ザ・タロー・シンガーズは、関西を中心として活動している20名ほどのメンバーによるプロの室内混声合唱団です。
指揮者の里井宏次氏は大阪音楽大学助教授として、音楽を学んでいる学生に合唱指導もされている方です。
この武満徹作曲の混声合唱のための「うた」は、「小さな空」「死んだ男の残したものは」「さくら」「翼」など説明が不要なくらい多くの合唱愛好人に親しまれている12曲の合唱作品からなっています。武満徹自身の作詞が4曲、谷川俊太郎の作詞が4曲あり、メロディも歌詞もそれぞれ個性的で美しく珠玉の作品集だといえます。
最初に感じたことは、とても日本語が美しく、フレージングがたっぷりと大きくとってあるので、歌詞の持つ伸びやかさが、紡ぎ出される音楽によって明確に描き出せている点にあると思いました。

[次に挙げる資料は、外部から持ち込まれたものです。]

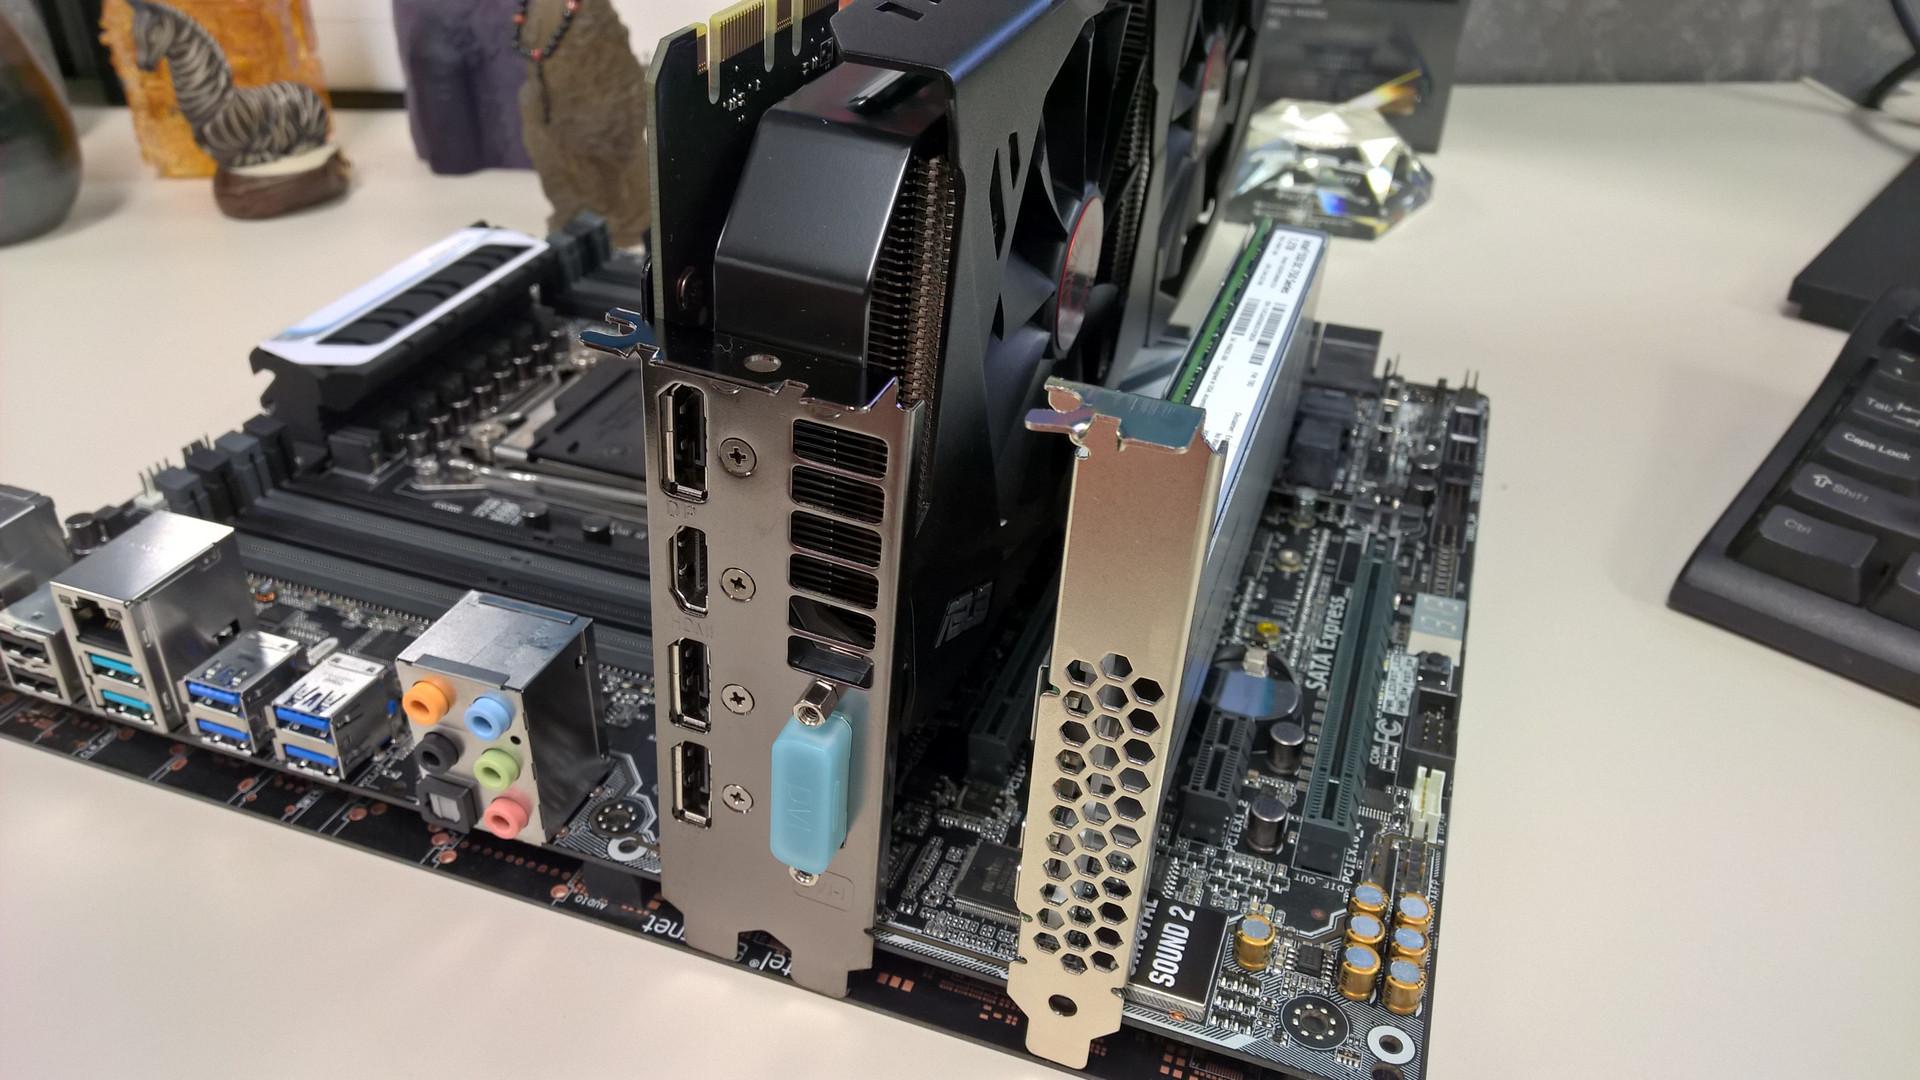 ASUS Z97 & X99 Motherboards & Intel 750 series NVMe SSDs

冒頭の「小さな空」の聞き手をノスタルジーの世界へ誘うような大きくて伸びやかな合唱は、とても好感が持て、多くの人に聞いてほしいと願う仕上がりになっています。子供の頃の情景を思い浮かべながら、慈しむように大切に作られた小品です。ロマンチストの武満徹の性格が、歌詞の随所にうかがえます。流れるようなメロディは懐かしく、少し淋しげな旋律を持っています。子供の頃の真っ暗になるまで遊んだ幼いあの日の情景が目に浮かぶような曲です。
武満徹の感傷的とも言える懐かしい音楽世界を、透明感溢れる声質とピッチの整ったハーモニーで上質な合唱作品として描き上げています。ア・カペラですので、何よりも正確で繊細な表現が要求されるわけですが、小人数ゆえ、各パートの線が明確で、全体像もはっきりと再現されています。
惜しむらくは、ライヴ録音ゆえ、観客の雑音やざわめきが時折マイクに拾われているので、気にする人もいるかもしれません。一方ライヴ特有の緊張感と昂揚感にも包まれており、まるでコンサート会場にいるような臨場感すら感じさせる演奏だと思いました。